And I'm not at all clear from that list whether this is just a series of composers who wrote a fair body of work for the keyboard or is meant to be those who through time very much influenced what keyboard music is. [_Clarifying that intent might be more than a little helpful._] If the latter, J.S. Bach hardly belongs, even with the huge body of organ and 'klavier' pieces, and C.P.E. Bach should be there instead.

Scarlatti is a must, as would be a number of the French _Clavecinistes_ such as Couperin, Rameau, etc.

Someone on TC wrote that Rachmaninoff "revolutionized piano technique," but without cited sources -- and those very much in a context -- I vehemently disagree. Liszt and Chopin did, maybe Messiaen did, yada yada.

(Hovhaness? the only reason I can think of for his inclusion is that the OP likes the Hovhaness piano pieces he has heard


----------



## Selby

PetrB said:


> The absence of earlier keyboard composers than Bach is glaring, as is the absence of Carl Philipp Emanuel Bach, whose keyboard musc combined with his _Essay on the True Art of Playing Keyboard Instruments_ was enormously influential.
> 
> And I'm not at all clear from that list whether this is just a series of composers who wrote a fair body of work for the keyboard or is meant to be those who through time very much influenced what keyboard music is. [_Clarifying that intent might be more than a little helpful._] If the latter, J.S. Bach hardly belongs, even with the huge body of organ and 'klavier' pieces, and C.P.E. Bach should be there instead.
> 
> Scarlatti is a must, as would be a number of the French _Clavecinistes_ such as Couperin, Rameau, etc.
> 
> Someone on TC wrote that Rachmaninoff "revolutionized piano technique," but without cited sources -- and those very much in a context -- I vehemently disagree. Liszt and Chopin did, maybe Messiaen did, yada yada.
> 
> (Hovhaness? the only reason I can think of for his inclusion is that the OP likes the Hovhaness piano pieces he has heard


There is not a real intent; I'm making a playlist which progresses keyboard works through time and was wondering who others thought should be included.

The number was arbitrary, seemed like a good round number and a manageable playlist. But, then again, aren't most lists arbitrary?

I was unfamiliar with pre-Bach works, so this thread is already a success for me, because I have new music to track down.

I agree that Feinberg, Sorajbi, Bartok, and Janacek should all be considered.

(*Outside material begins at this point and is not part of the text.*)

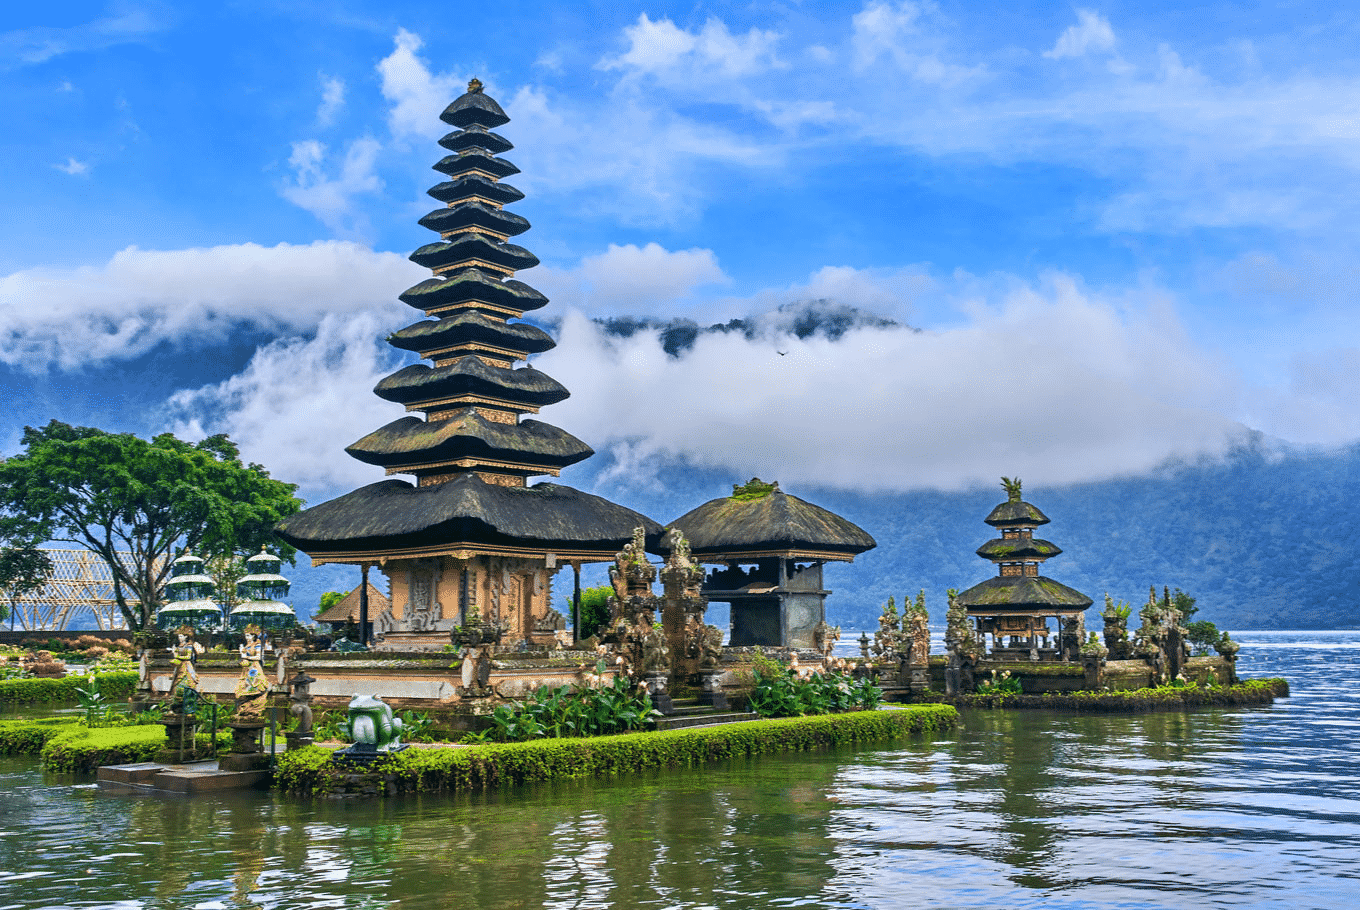 Pilihan Pariwisata Bali - Thegorbalsla

I am fully unfamiliar with the piano works of Szymanowski and Skalkottas, which I'll have to look into.

Yes, I love Hovhaness. You should listen to his piano works. The list also reflects my tendency towards the French and Spanish.


----------



## Guest

I would consider Boulez and Shostakovich, but I'm not entirely sure. But since you have Hovhaness in there, we both know there's space  

(For the record I actually like a few Hovhaness pieces. *Ducks*)


----------



## PetrB

Mitchell said:


> There is not a real intent; I'm making a playlist which progresses keyboard works through time and was wondering who others thought should be included.
> 
> The number was arbitrary, seemed like a good round number and a manageable playlist. But, then again, aren't most lists arbitrary?
> 
> I was unfamiliar with pre-Bach works, so this thread is already a success for me, because I have new music to track down.
> 
> I agree that Feinberg, Sorajbi, Bartok, and Janacek should all be considered.
> 
> I am fully unfamiliar with the piano works of Szymanowski and Skalkottas, which I'll have to look into.
> 
> Yes, I love Hovhaness. You should listen to his piano works. The list also reflects my tendency towards the French and Spanish.
> 
> View attachment 38207


The inclusion of Hovhannes is a real idiosyncratic choice, and he stands out in the context as an anomaly, but it was your choice. I'd have included Darius Milhaud, for one example, before I would have included your choice there.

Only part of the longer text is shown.